_Data extract_
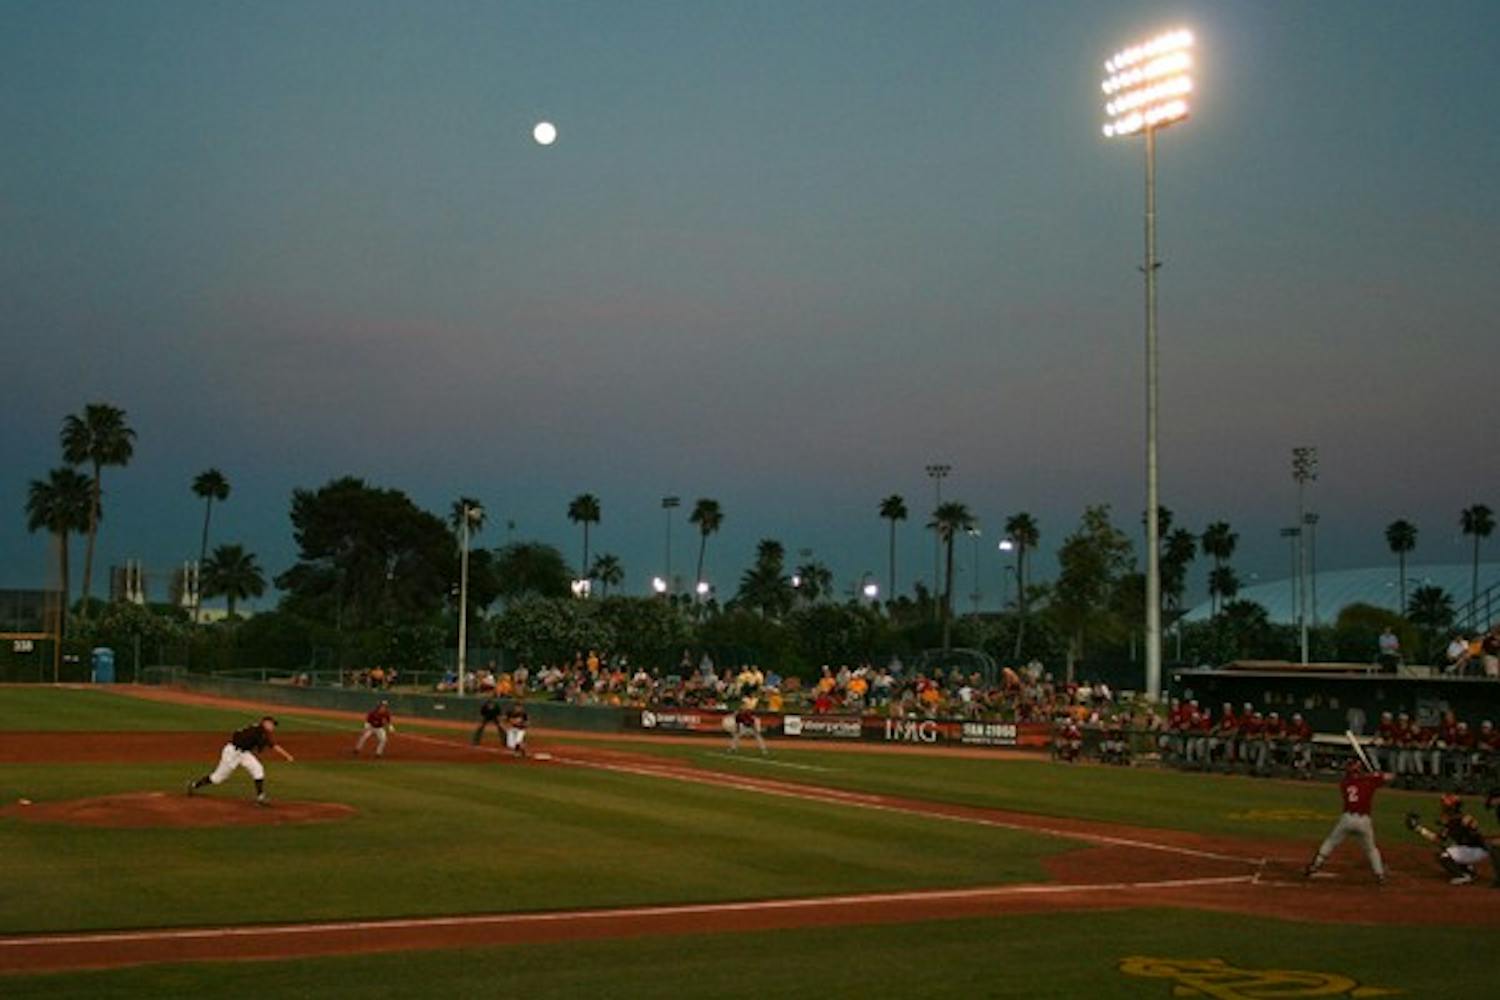 A PIECE OF HISTORY: The Packard Stadium on ASU's Tempe campus has hosted baseball since 1974. Recently, the team has considered practicing and playing at other venues such as the Tempe Diablo Stadium and Hohokam Park. (Photo by Lisa Bartoli)
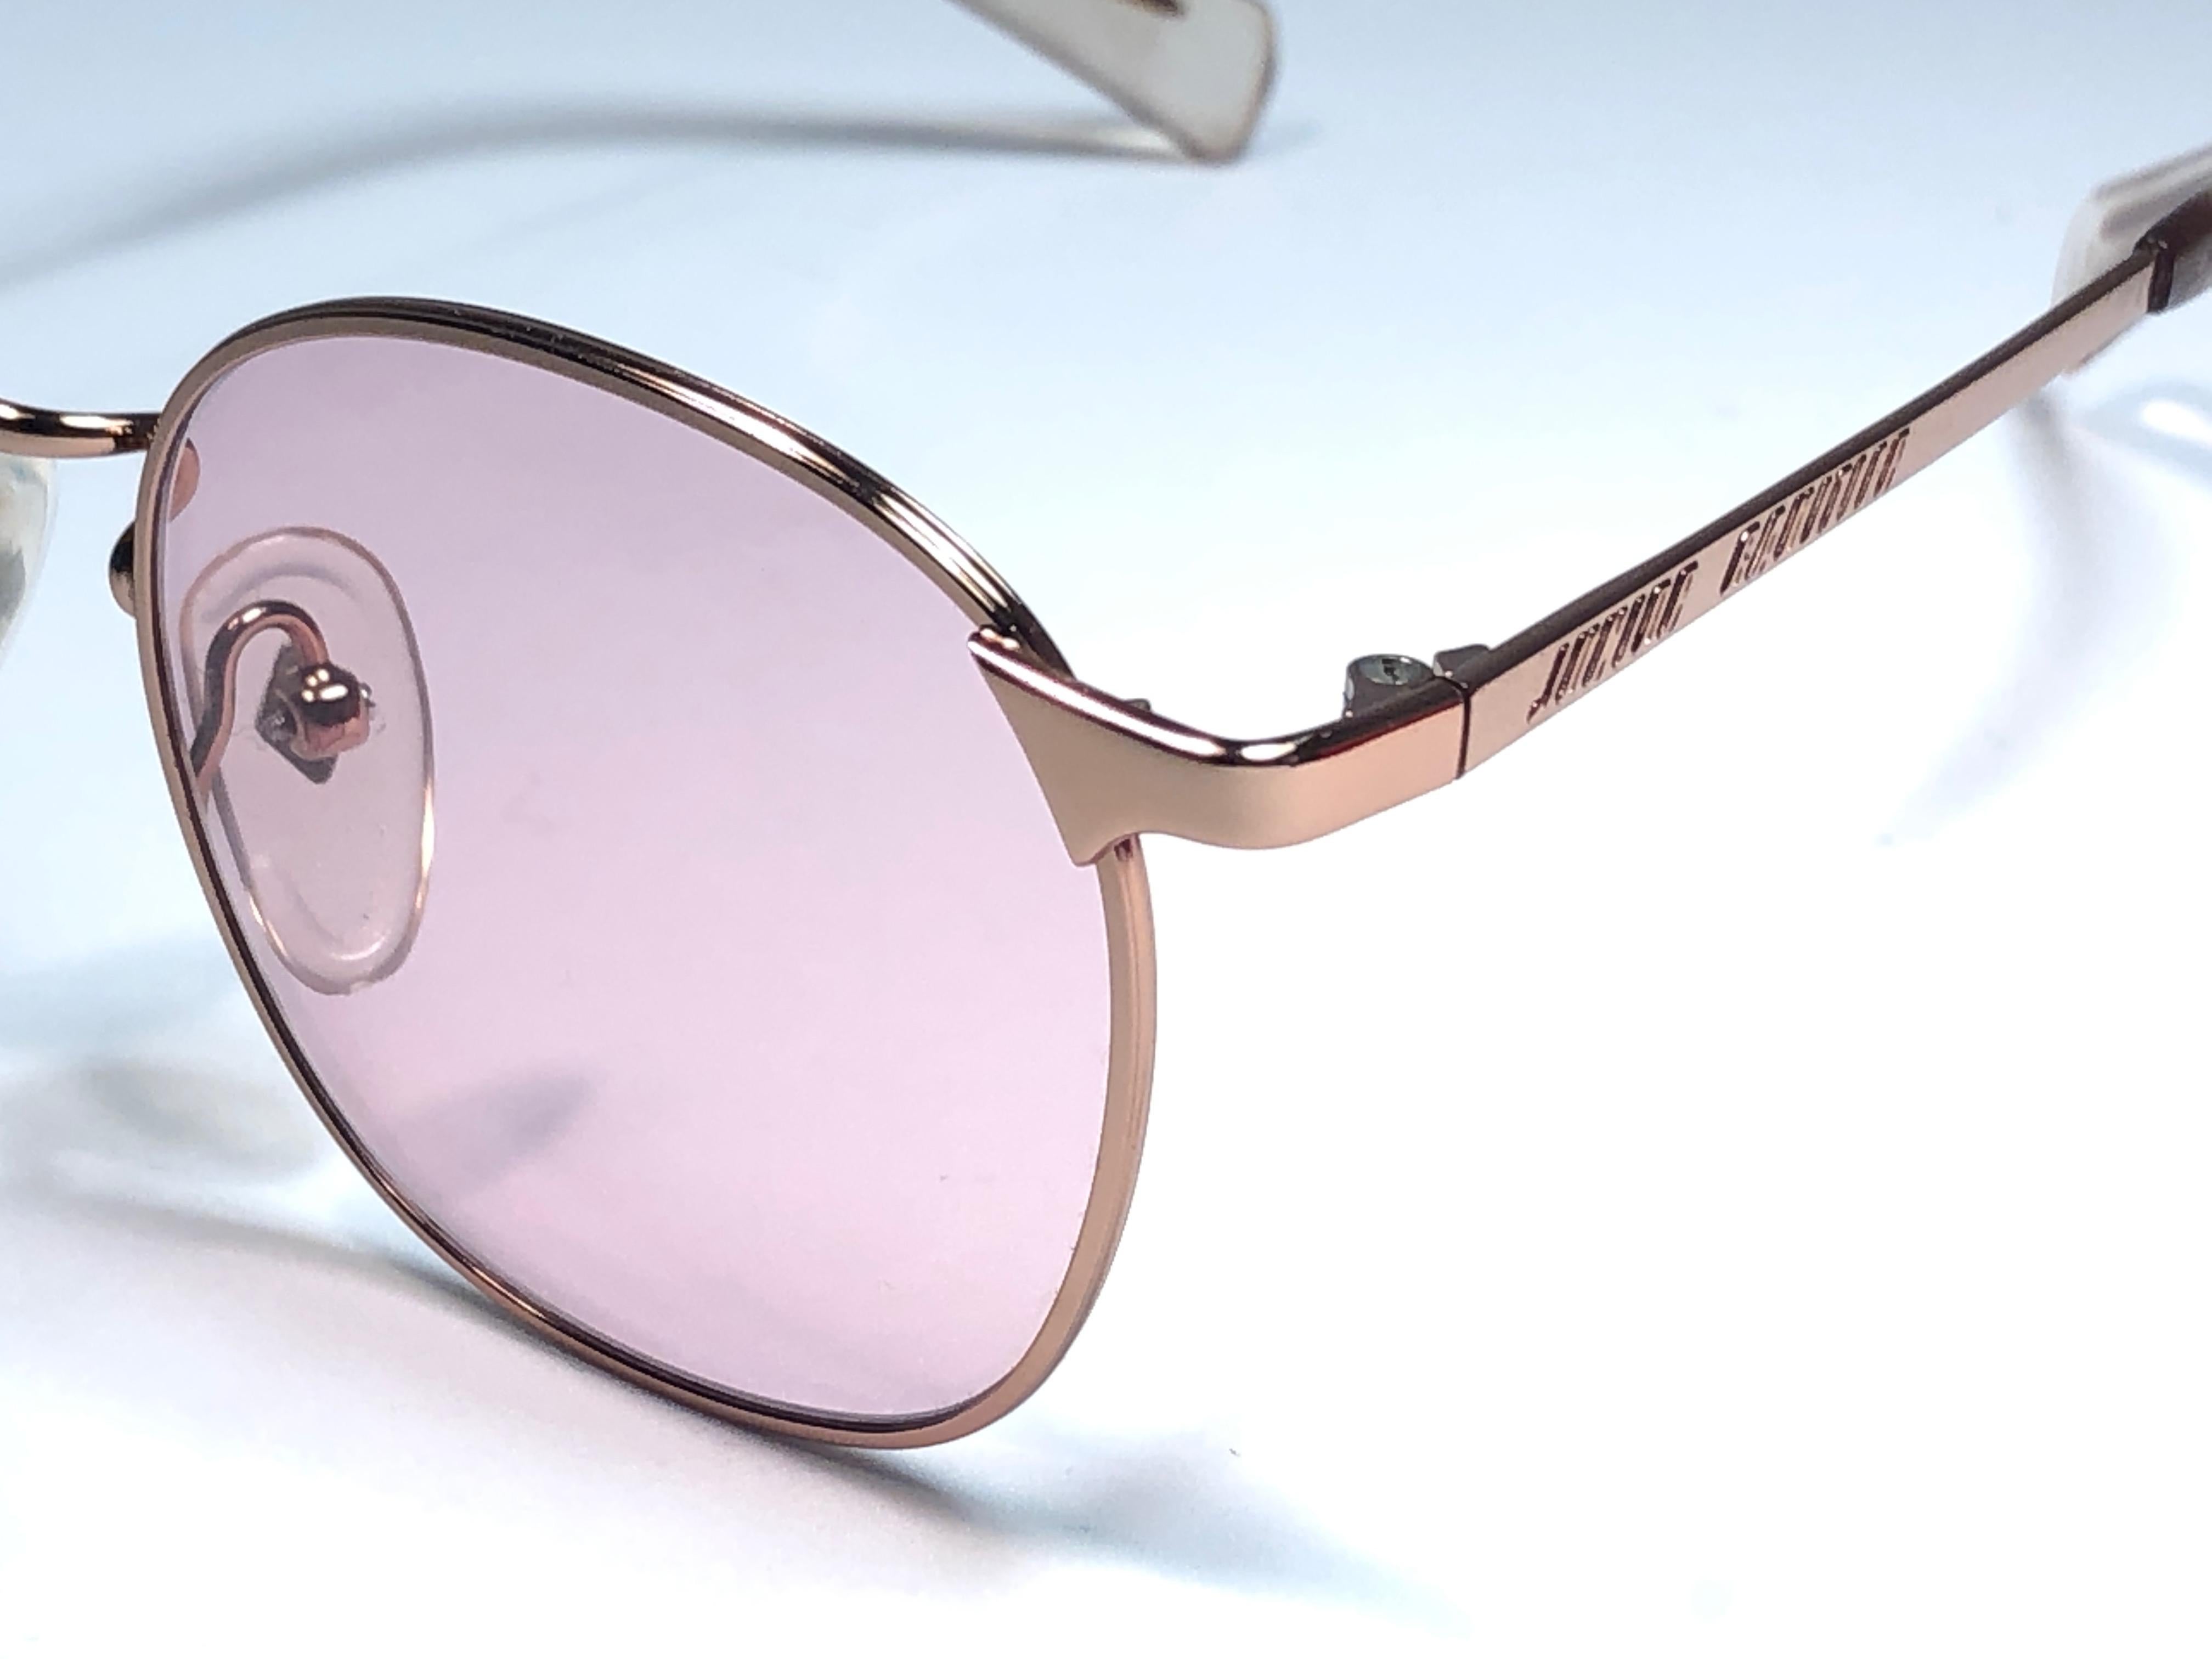 New Jean Paul Gaultier Junior 57 0172 Rose Gold Sunglasses 1990 Made in Japan  For Sale 1
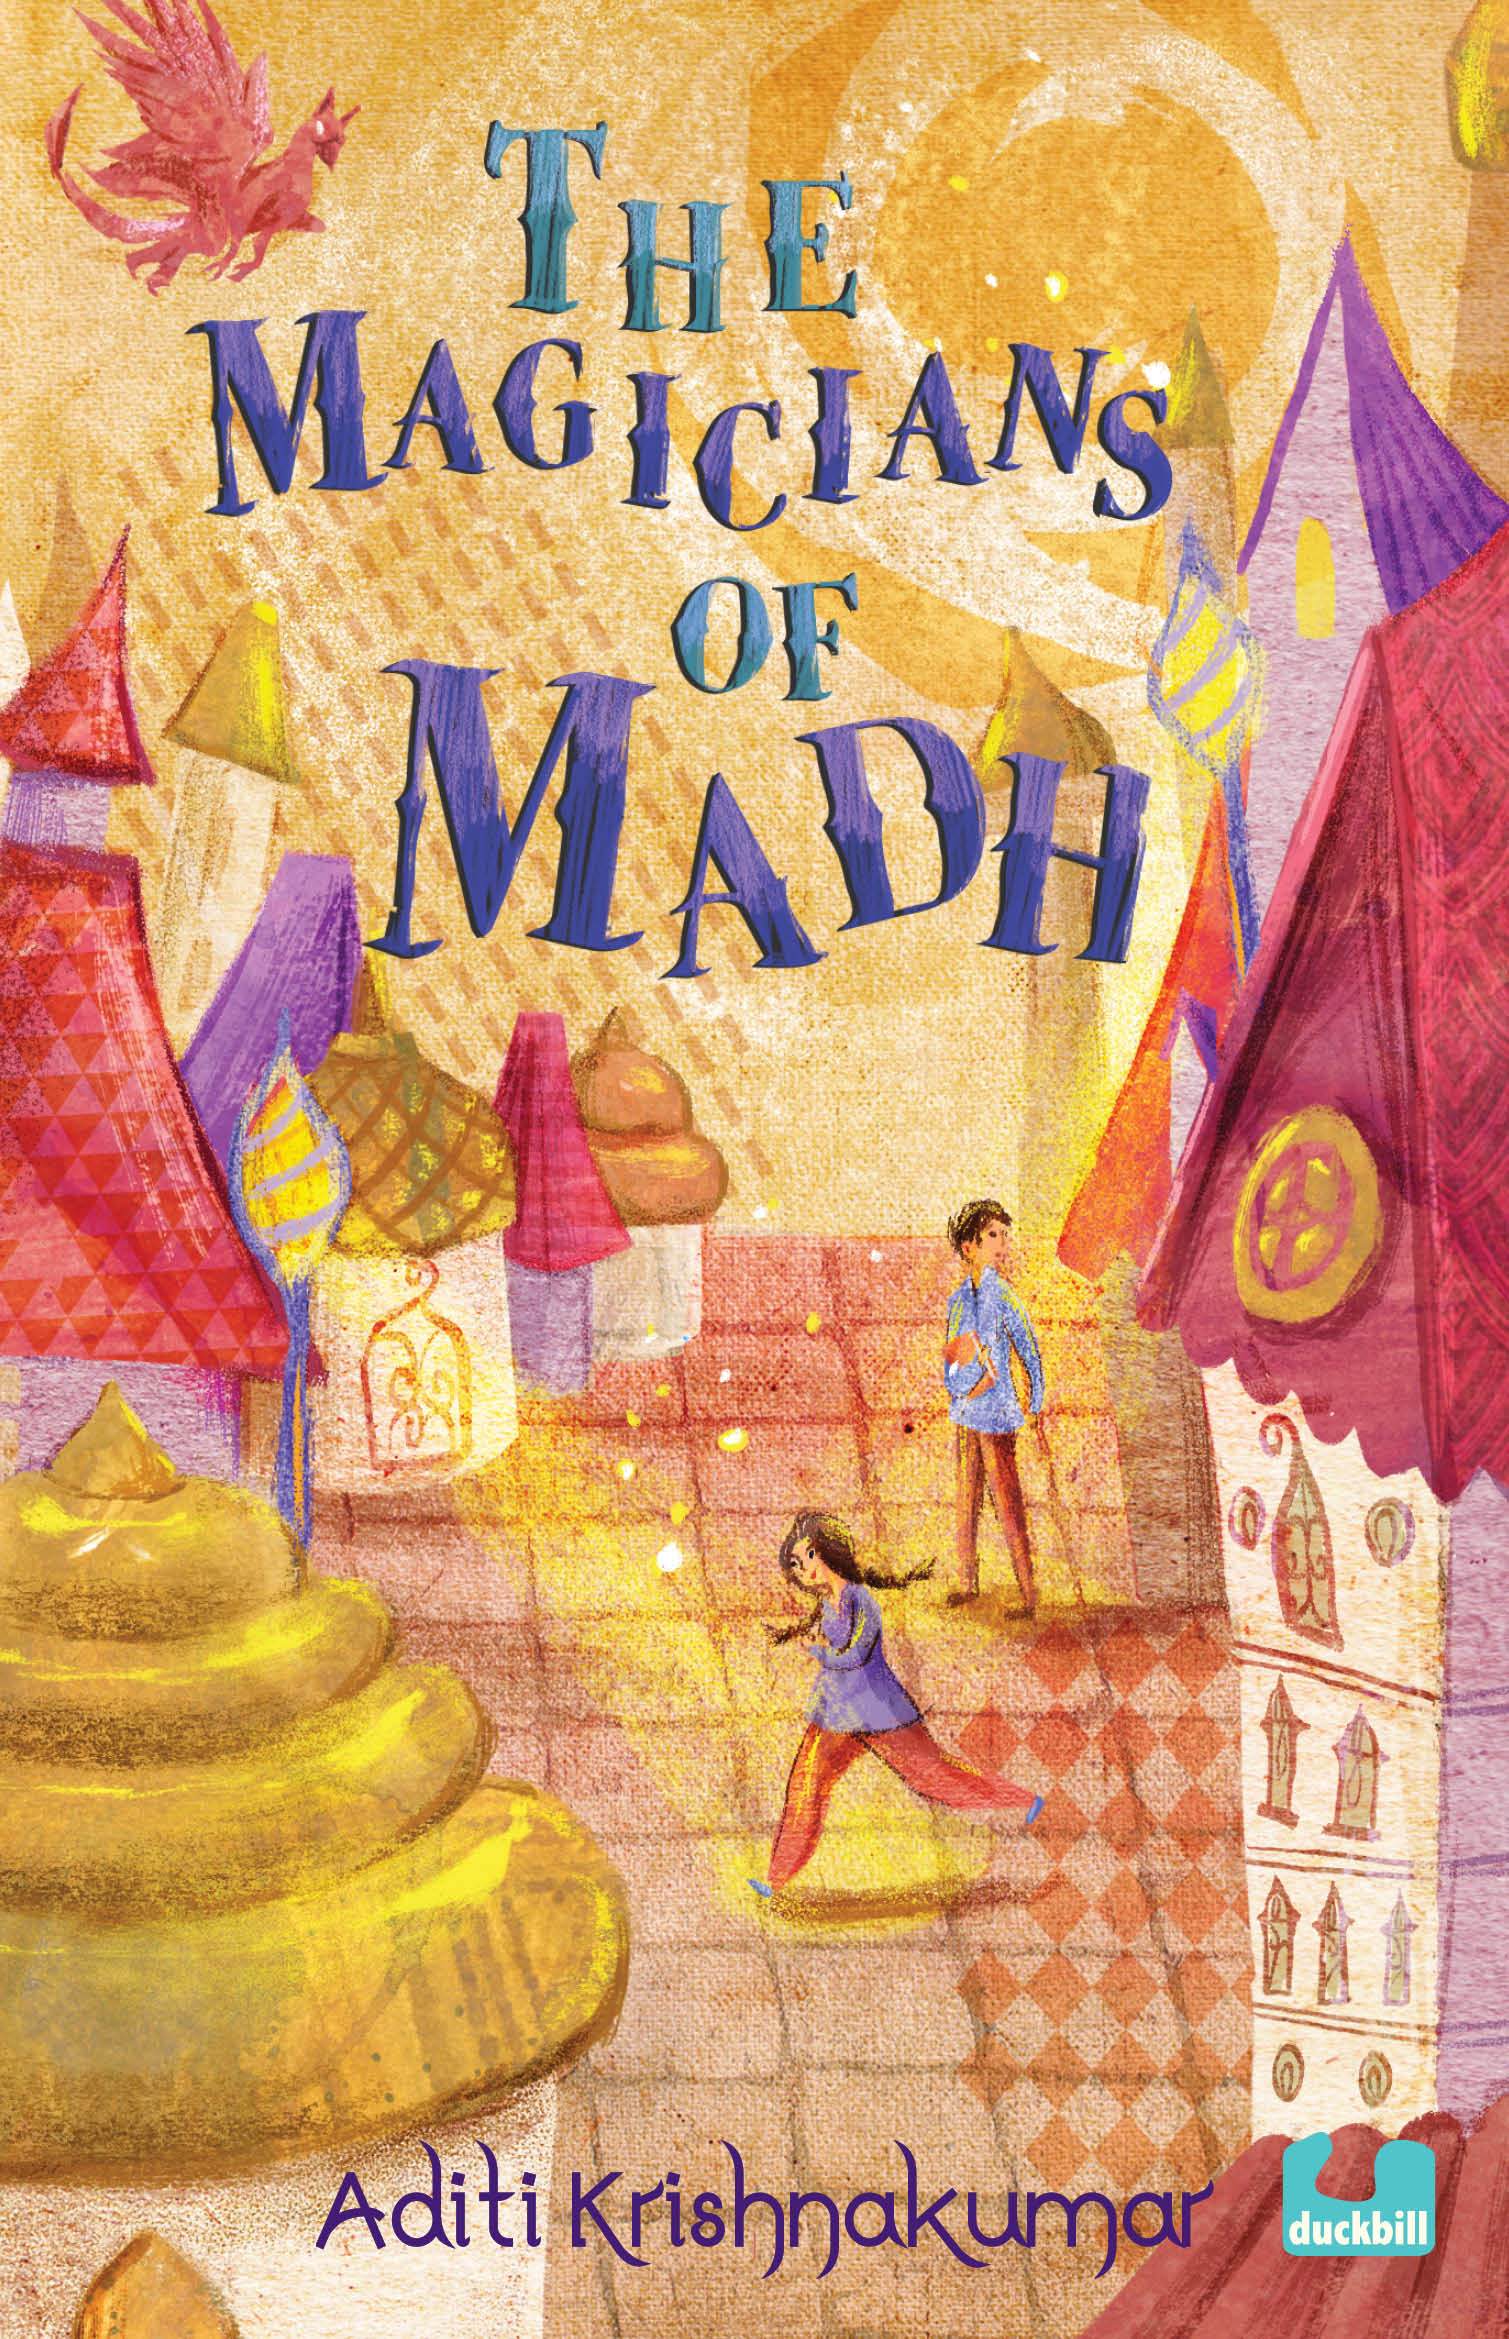 You are currently viewing The Magicians of Madh delves into some delightful fantasy fiction

_Task directions_
Write down exactly the lines running from the line with "New Jean Paul" through the end of the material, both ends included, and none of the pictures.

_Solution for this problem_
 New Jean Paul Gaultier Junior 57 0172 Rose Gold Sunglasses 1990 Made in Japan  For Sale 1
 You are currently viewing The Magicians of Madh delves into some delightful fantasy fiction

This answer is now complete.